Solar Industries started off as an explosives trader in the eighties, but is now competing in the big league of defence supply.

Krishna Gopalan

Playing with fire seems to be no big deal to the two young women in a brightly lit room. The detonating cord sifts its way through their hands as if it were a piece of paper. Observing the slightly terrified look on our faces, they break into a smile and casually say in Hindi, “Yeh to roz ka kaam hai” (this is a part of our daily routine). No more than in their mid-20s, these two are part of a workforce of 2,500 who are involved in the manufacture of slurry explosives, cartridges, cast boosters and detonating cords. There is no doubt that it is a tough job and not made any easier in the sweltering heat of central India. We are in Chakdoh, 40 km away from Nagpur and an hour by car. Across 750 acres, on which Solar Industries India’s manufacturing plant sits, the smell of chemicals (ammonium nitrate and calcium nitrate, we are told) is mildly astringent. This is one of the 25 plants that Solar owns.

The company’s 66-year-old spirited chairman, Satyanarayan Nuwal, named the company as a tribute to the star. “I have been fascinated by the sun, even as a boy,” he says. The business he founded in 1984 as an industrial explosives trader expanded into manufacturing in the ’90s; and scaled up, headed to overseas markets even setting up manufacturing units there and went public in the 2000s. Today, it is the leader in the domestic industrial explosives market with a dominant 25% share, a sizable lead over the second-largest player with 12%. Revenues have compounded at 12.74% over the past five years to 24.62 billion as of FY19.

The turning point was when the founder realised that he needed to de-risk the business, which till FY07 had over 70% of revenue coming from the state-owned Coal India (CIL). Solar deftly shifted focus to other verticals besides investing in a new one. “It was critical for us to de-risk but the strategy has paid off,” says the promoter’s son Manish Nuwal, who is also the MD. In FY19, revenue from CIL was down to 17%. Instead, exports and overseas business is now the primary earner with a revenue share of 35% (See: The foreign hand). Barring the dip in the fourth quarter of FY19, owing to short-term troubles in the customer market, exports have been doing well for the past few years.
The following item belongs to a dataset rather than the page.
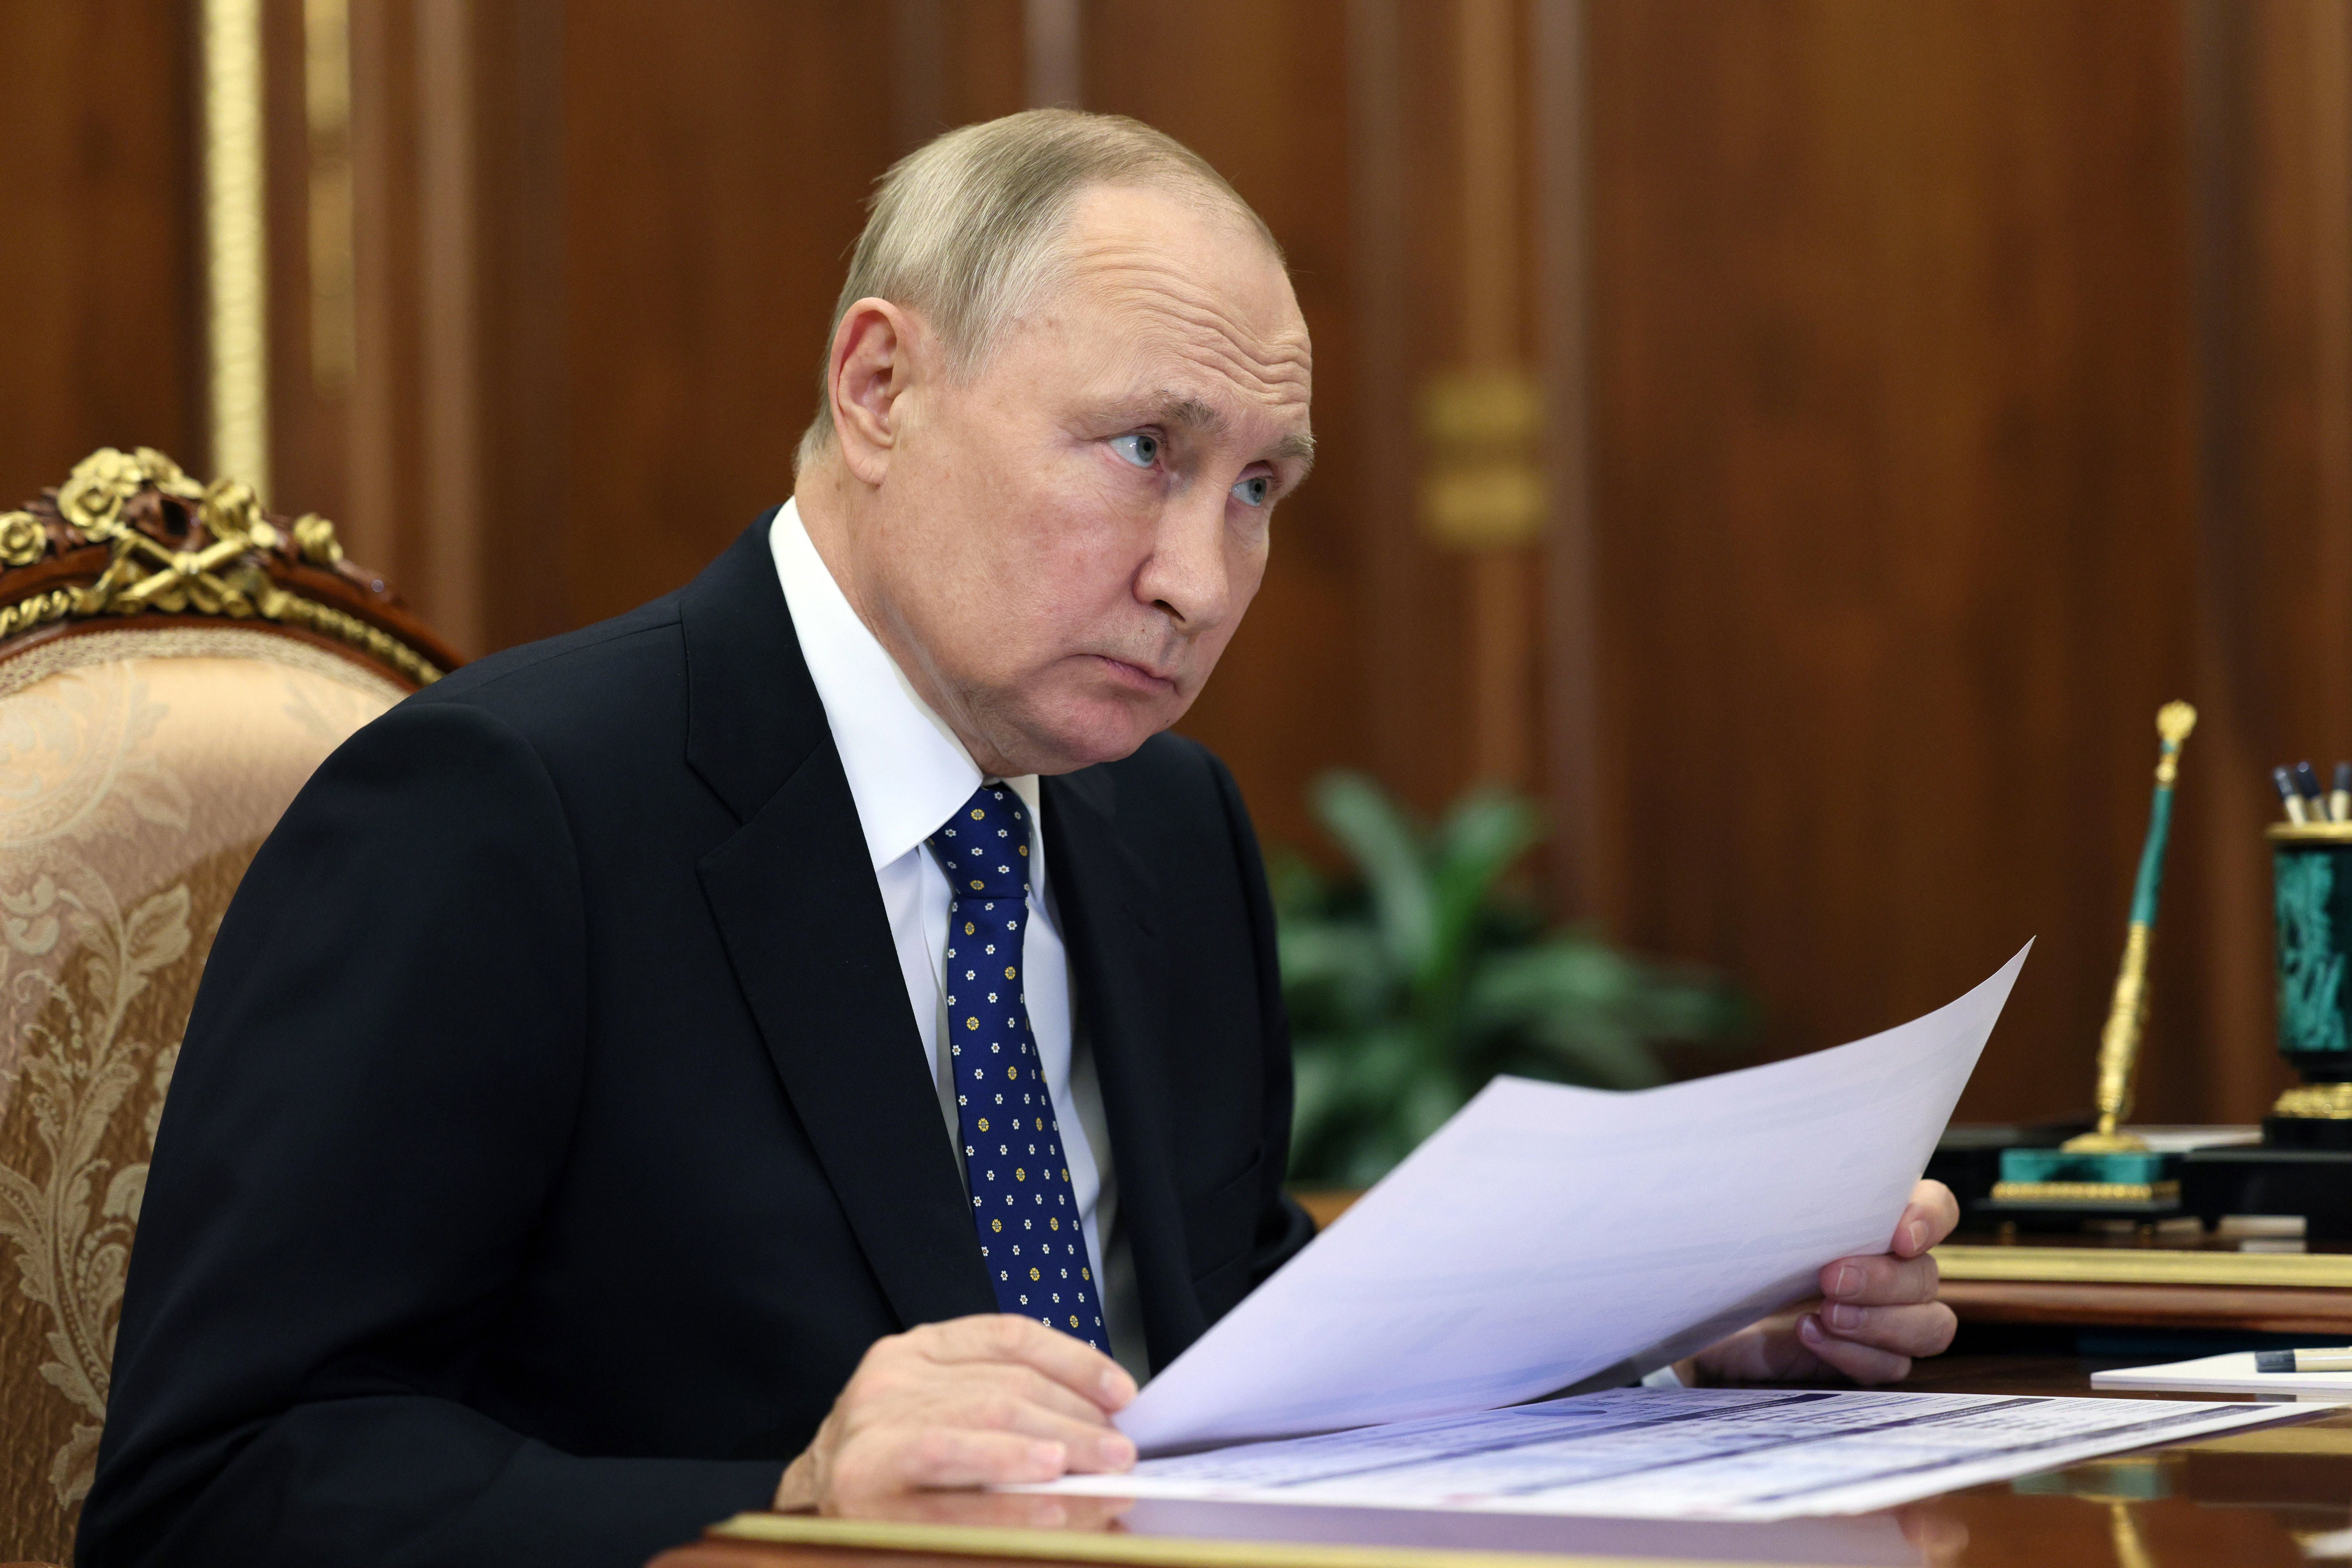 Los planes secretos de Putin: la guerra de Ucrania va hacia una "escalada incontrolada"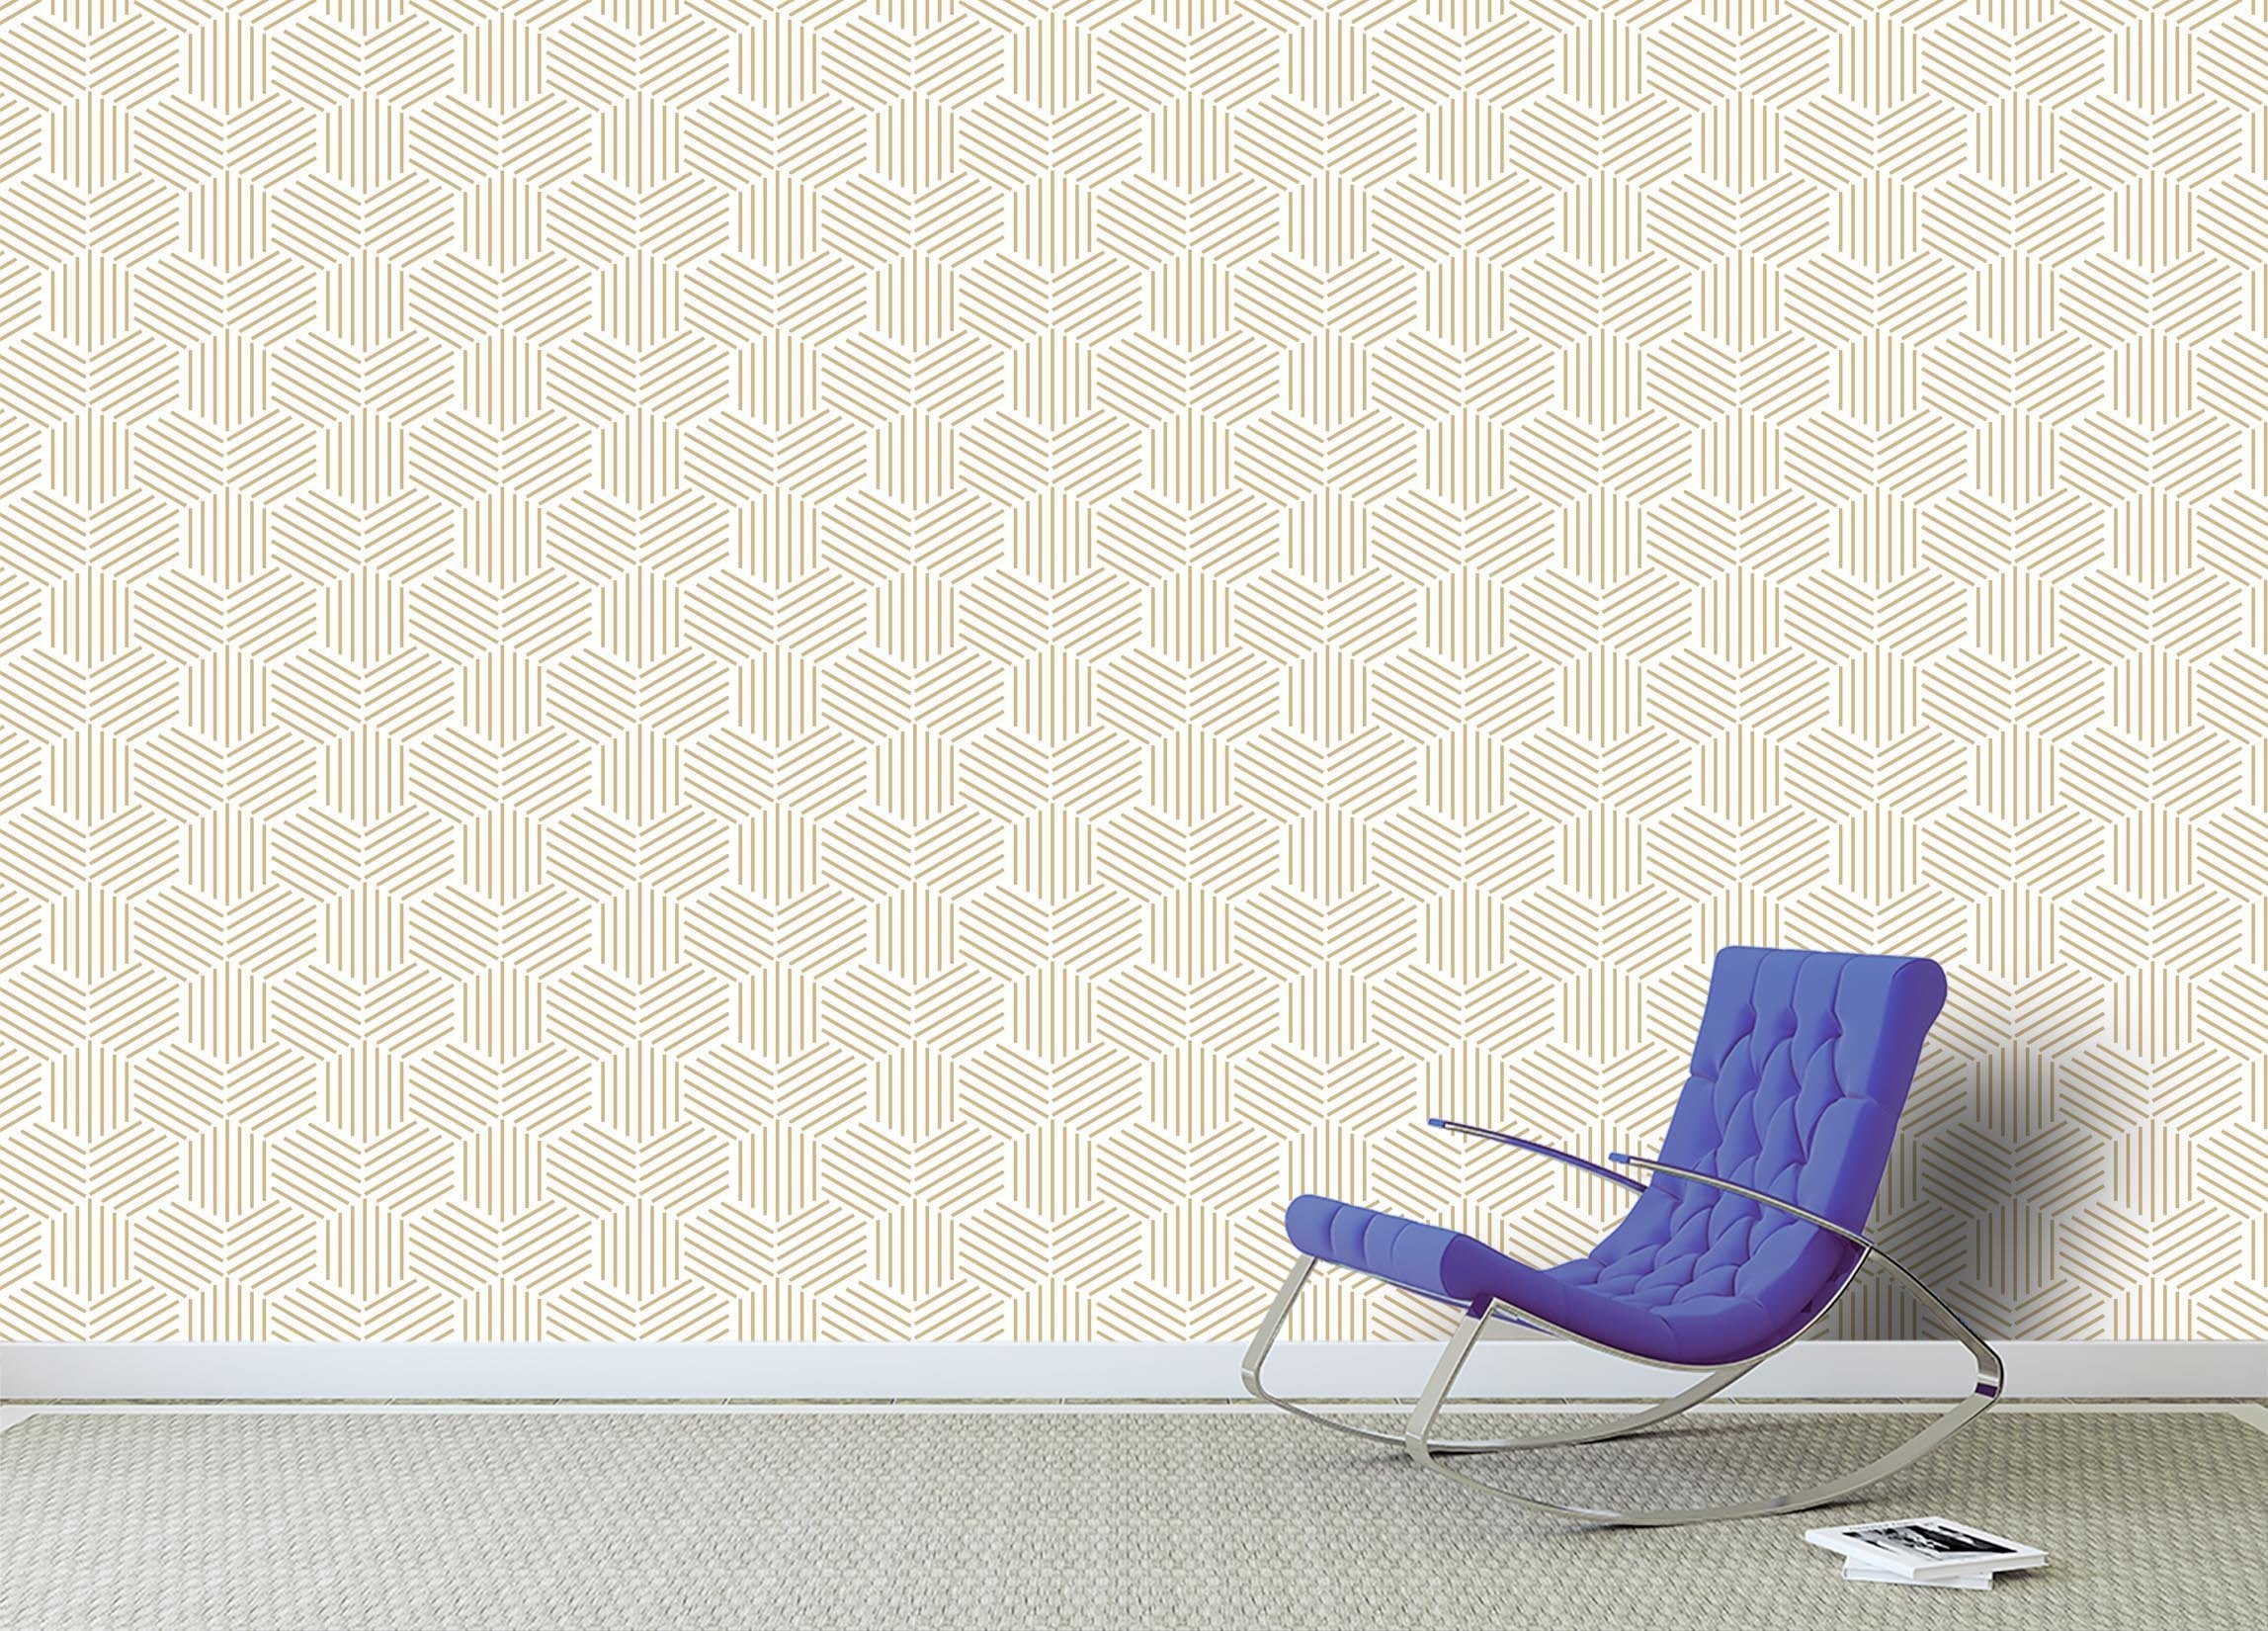 3D Hexagonal Line Pattern 034 Wallpaper AJ Wallpaper

But what’s really changing Solar’s fortunes is the business it has been engaged in over the past two years — housing & infrastructure (mostly domestic road construction) generates 27% of sales, and defence, chipping in with 7%. Nothing today excites the folks at Solar more than the potential of these two businesses.

GUNPOWDER ALL THE WAY

Sitting in his large room at Solar’s corporate office in Nagpur, the senior Nuwal recalls the company’s foray into defence in mid-2009. Attired simply and devoid of footwear, as is the norm in the office, the lanky man saw a clear potential. “We were in the business of explosives anyway. The only ammunition manufacturer in India was the ordinance factory and anything needed beyond that was imported,” he says.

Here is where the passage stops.